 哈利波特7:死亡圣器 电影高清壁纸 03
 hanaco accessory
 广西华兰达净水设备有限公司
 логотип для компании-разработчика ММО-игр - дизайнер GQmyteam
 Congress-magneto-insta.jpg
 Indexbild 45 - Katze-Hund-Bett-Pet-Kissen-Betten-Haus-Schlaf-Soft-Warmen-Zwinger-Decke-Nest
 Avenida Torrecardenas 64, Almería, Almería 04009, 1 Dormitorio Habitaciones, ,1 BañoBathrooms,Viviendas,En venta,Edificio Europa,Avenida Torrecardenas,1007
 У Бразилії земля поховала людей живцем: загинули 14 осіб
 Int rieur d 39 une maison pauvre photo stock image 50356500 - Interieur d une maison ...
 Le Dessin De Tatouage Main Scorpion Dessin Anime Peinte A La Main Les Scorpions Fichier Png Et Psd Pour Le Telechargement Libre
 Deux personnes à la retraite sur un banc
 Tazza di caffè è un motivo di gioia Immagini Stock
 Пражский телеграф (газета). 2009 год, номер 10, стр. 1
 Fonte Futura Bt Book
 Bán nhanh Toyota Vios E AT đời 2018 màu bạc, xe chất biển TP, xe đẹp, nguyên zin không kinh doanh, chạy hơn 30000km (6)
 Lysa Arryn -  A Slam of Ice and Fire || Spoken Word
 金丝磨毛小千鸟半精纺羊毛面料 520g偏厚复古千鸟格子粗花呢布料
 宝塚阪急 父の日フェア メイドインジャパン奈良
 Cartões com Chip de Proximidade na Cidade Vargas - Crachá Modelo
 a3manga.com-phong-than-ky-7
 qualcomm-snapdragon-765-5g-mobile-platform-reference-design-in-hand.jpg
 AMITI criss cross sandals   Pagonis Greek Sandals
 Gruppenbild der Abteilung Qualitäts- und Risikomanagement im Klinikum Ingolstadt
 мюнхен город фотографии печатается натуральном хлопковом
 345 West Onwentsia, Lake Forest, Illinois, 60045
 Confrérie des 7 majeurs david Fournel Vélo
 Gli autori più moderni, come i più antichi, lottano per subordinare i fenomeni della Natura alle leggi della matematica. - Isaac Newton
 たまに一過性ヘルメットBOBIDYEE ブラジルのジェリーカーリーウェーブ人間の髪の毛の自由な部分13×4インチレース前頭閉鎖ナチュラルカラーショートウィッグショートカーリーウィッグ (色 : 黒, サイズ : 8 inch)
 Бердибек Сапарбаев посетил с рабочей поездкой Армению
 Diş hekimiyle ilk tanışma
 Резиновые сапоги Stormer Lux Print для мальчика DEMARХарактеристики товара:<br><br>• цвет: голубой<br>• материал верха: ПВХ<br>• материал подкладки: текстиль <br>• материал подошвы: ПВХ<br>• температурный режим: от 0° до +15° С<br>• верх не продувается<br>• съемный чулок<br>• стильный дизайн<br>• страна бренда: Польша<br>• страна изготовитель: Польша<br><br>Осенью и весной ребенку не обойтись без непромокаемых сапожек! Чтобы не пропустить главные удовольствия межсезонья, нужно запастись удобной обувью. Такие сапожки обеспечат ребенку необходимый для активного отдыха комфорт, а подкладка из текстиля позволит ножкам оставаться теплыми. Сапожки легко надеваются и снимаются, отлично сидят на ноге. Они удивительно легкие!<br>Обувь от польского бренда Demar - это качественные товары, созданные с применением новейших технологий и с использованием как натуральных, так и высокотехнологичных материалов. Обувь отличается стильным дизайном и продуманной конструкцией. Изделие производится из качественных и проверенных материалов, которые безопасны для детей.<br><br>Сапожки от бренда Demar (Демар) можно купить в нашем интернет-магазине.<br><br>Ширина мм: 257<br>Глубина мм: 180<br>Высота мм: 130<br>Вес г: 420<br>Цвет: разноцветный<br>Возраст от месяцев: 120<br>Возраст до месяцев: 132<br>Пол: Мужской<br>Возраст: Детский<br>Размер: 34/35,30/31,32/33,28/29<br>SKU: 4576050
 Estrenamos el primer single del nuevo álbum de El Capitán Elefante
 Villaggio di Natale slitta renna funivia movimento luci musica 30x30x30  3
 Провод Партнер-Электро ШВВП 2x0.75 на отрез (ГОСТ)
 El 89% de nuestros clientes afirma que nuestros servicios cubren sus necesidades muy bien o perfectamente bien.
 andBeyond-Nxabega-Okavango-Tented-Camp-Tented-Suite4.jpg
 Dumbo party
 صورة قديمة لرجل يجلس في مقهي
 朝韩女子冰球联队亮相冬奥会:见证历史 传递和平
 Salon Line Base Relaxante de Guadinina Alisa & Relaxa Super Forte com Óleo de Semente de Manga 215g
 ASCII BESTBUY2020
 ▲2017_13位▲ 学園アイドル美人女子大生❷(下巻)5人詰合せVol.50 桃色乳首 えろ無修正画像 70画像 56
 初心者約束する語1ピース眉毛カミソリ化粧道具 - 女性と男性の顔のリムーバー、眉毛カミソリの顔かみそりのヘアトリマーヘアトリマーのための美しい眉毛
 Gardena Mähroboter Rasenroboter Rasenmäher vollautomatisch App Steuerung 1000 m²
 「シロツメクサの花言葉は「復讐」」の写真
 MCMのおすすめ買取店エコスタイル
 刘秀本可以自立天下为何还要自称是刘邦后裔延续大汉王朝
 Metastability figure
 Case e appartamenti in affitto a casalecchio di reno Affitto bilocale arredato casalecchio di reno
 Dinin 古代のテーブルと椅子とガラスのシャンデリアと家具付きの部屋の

※

◆ WORK TO BE COMPLETED ◆
Could you write out, exactly as they stand, only the lines above that begin at the line with "宝塚阪急 父の日フェア メイドインジャパン奈良" and stop after the line with "Estrenamos el primer"?

◆ ANSWER AREA ◆
 宝塚阪急 父の日フェア メイドインジャパン奈良
 Cartões com Chip de Proximidade na Cidade Vargas - Crachá Modelo
 a3manga.com-phong-than-ky-7
 qualcomm-snapdragon-765-5g-mobile-platform-reference-design-in-hand.jpg
 AMITI criss cross sandals   Pagonis Greek Sandals
 Gruppenbild der Abteilung Qualitäts- und Risikomanagement im Klinikum Ingolstadt
 мюнхен город фотографии печатается натуральном хлопковом
 345 West Onwentsia, Lake Forest, Illinois, 60045
 Confrérie des 7 majeurs david Fournel Vélo
 Gli autori più moderni, come i più antichi, lottano per subordinare i fenomeni della Natura alle leggi della matematica. - Isaac Newton
 たまに一過性ヘルメットBOBIDYEE ブラジルのジェリーカーリーウェーブ人間の髪の毛の自由な部分13×4インチレース前頭閉鎖ナチュラルカラーショートウィッグショートカーリーウィッグ (色 : 黒, サイズ : 8 inch)
 Бердибек Сапарбаев посетил с рабочей поездкой Армению
 Diş hekimiyle ilk tanışma
 Резиновые сапоги Stormer Lux Print для мальчика DEMARХарактеристики товара:<br><br>• цвет: голубой<br>• материал верха: ПВХ<br>• материал подкладки: текстиль <br>• материал подошвы: ПВХ<br>• температурный режим: от 0° до +15° С<br>• верх не продувается<br>• съемный чулок<br>• стильный дизайн<br>• страна бренда: Польша<br>• страна изготовитель: Польша<br><br>Осенью и весной ребенку не обойтись без непромокаемых сапожек! Чтобы не пропустить главные удовольствия межсезонья, нужно запастись удобной обувью. Такие сапожки обеспечат ребенку необходимый для активного отдыха комфорт, а подкладка из текстиля позволит ножкам оставаться теплыми. Сапожки легко надеваются и снимаются, отлично сидят на ноге. Они удивительно легкие!<br>Обувь от польского бренда Demar - это качественные товары, созданные с применением новейших технологий и с использованием как натуральных, так и высокотехнологичных материалов. Обувь отличается стильным дизайном и продуманной конструкцией. Изделие производится из качественных и проверенных материалов, которые безопасны для детей.<br><br>Сапожки от бренда Demar (Демар) можно купить в нашем интернет-магазине.<br><br>Ширина мм: 257<br>Глубина мм: 180<br>Высота мм: 130<br>Вес г: 420<br>Цвет: разноцветный<br>Возраст от месяцев: 120<br>Возраст до месяцев: 132<br>Пол: Мужской<br>Возраст: Детский<br>Размер: 34/35,30/31,32/33,28/29<br>SKU: 4576050
 Estrenamos el primer single del nuevo álbum de El Capitán Elefante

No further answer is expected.